2021 is now upon us. A new year represents a clean slate, an opportunity to put the past behind and look forward. However, if you want to improve yourself and be successful in 2021, start by reflecting on 2020. What went well? Congratulate yourself for that and carry those good habits into this year as well. What didn’t go well? Be honest! That hopefully short list can be divided into two categories: things that are out of your control and things that are. Don’t stress out about the former and focus your energy on the latter.
Tackling those areas of improvement requires a plan. But New Year’s resolutions typically have a very low success rate. Many of them are abandoned before January is even over. Any regular at the gym will tell you that the crowds die down by March. So, is there any point in making New Year’s resolutions? Yes! People who explicitly make resolutions are much more likely to attain their goals than those who don’t. Progress doesn’t come from sitting back and hoping for the best.
The key, then, is to make a good plan, as opposed to a bad plan or no plan. One of the main reasons that resolutions fail is because there is no direction behind a lofty goal. If your resolution is to meet the love of your life or to get into Stanford, how do you measure success along the way? Heck, how do you even begin? Such a task might feel so daunting that you will postpone working on it until you forget all about it. Or, if you’re like the old me, you won’t forget about it and just feel guilty and miserable all year. Don’t be like the old me.
What you need to do is to set your resolution in terms of SMART criteria. SMART is an acronym that started out being used by managers to set goals in the workplace. Well, you are the manager of your own life, so check out what each letter stands for:
S is for Specific. It’s not enough to say that you want to be healthier or smarter. Think about specific ways to achieve what you want and make that your resolution. Cutting the amount of junk food in your diet or reading more books is a specific goal that you are more likely to accomplish.
M is for Measurable. You need a way to measure progress towards your specific goal. If it’s a long-term measurement (e.g. run a mile in under six minutes), seeing the progression towards your desired number will help your motivation. If it’s a short-term measurement (e.g. talk to one new person outside my usual circle a day), it is satisfying to have a quantifiable thing you can check off your to-do list. Either way, having something measurable helps keep yourself accountable. If your goal was just to “gain confidence," it would be too easy to cop out and tell yourself, “I feel more confident!”
A is for Achievable. There’s nothing wrong with dreaming big, but like I mentioned before, we have to be careful about not choosing something so overwhelming that it frustrates us or prevents us from starting. It might not sound impressive to improve yourself by 15% in a year, but if you learned about compound interest, you’ll know that, at that rate, the improvement will be over 100% in 5 years and more than 300% in 10 years. I don’t know about you, but I would love to have a 300% bigger vocabulary. A huge achievement like that is just a string of reasonable goals that you can accomplish month after month and year after year.
R is for Relevant. You’ve laid out these specific, measurable, and achievable tasks for yourself. Now make sure they are relevant to your overall goal and the direction you want your life to go. Also consider how your goal fits in with your other goals, responsibilities, and circumstances. It can be tough to balance between your passions and what others might think is best for you.

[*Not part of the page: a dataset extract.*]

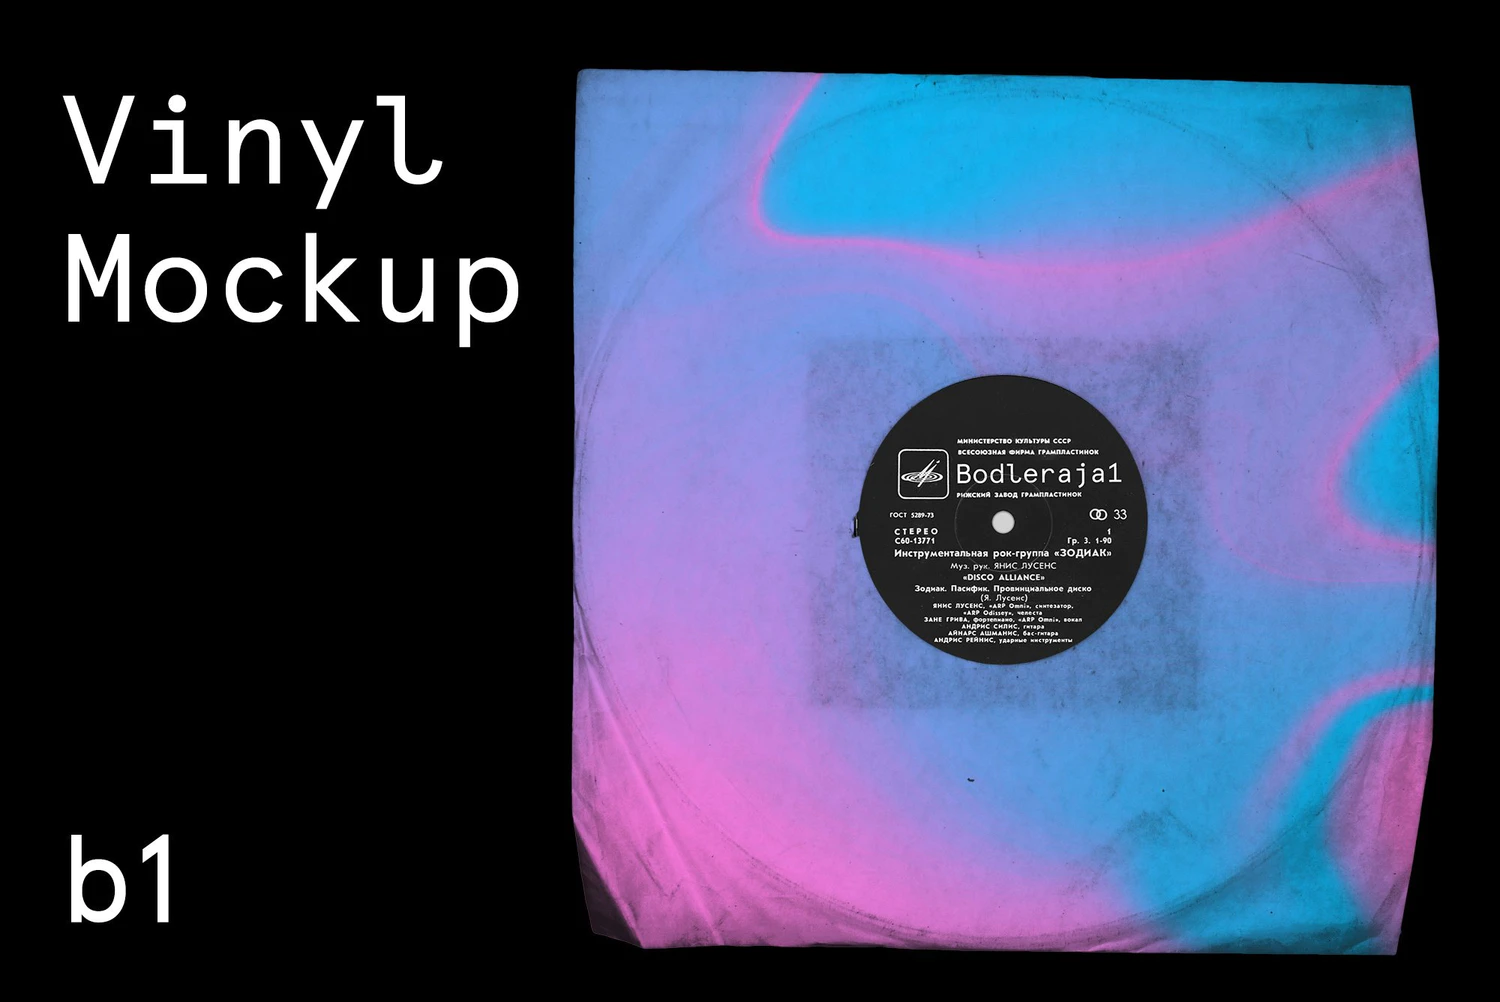 2645 潮流酷炫黑胶唱片包装纸包PSD样机素材 Vinyl Album Record Mockup

T is for Timed. Similar to how your goal needs to be measurable, it needs to have a time frame for completion. People tend to work better under a reasonable timeline because pressure can be a great source of motivation. You can also use time to break up a big goal into smaller benchmarks. For example, if your resolution is to write a novel, you might try to complete one chapter every month.
Making SMART goals allows you to track your progress, which is a must. Not only will it keep you accountable, but it will be a great source of pride when you look back at that testament of hard work at the end of the year. There are many ways to do this, such as by keeping a daily log or journal. A friend of mine wanted to read and exercise at least four times a week. Check out how she tracked her progress:
I hope this has inspired you to make 2018 a year that you can be proud of. Reach out to your parents, mentor, or other people in your support network if you would like help in setting a New Year’s resolution or in keeping yourself accountable. Happy new year!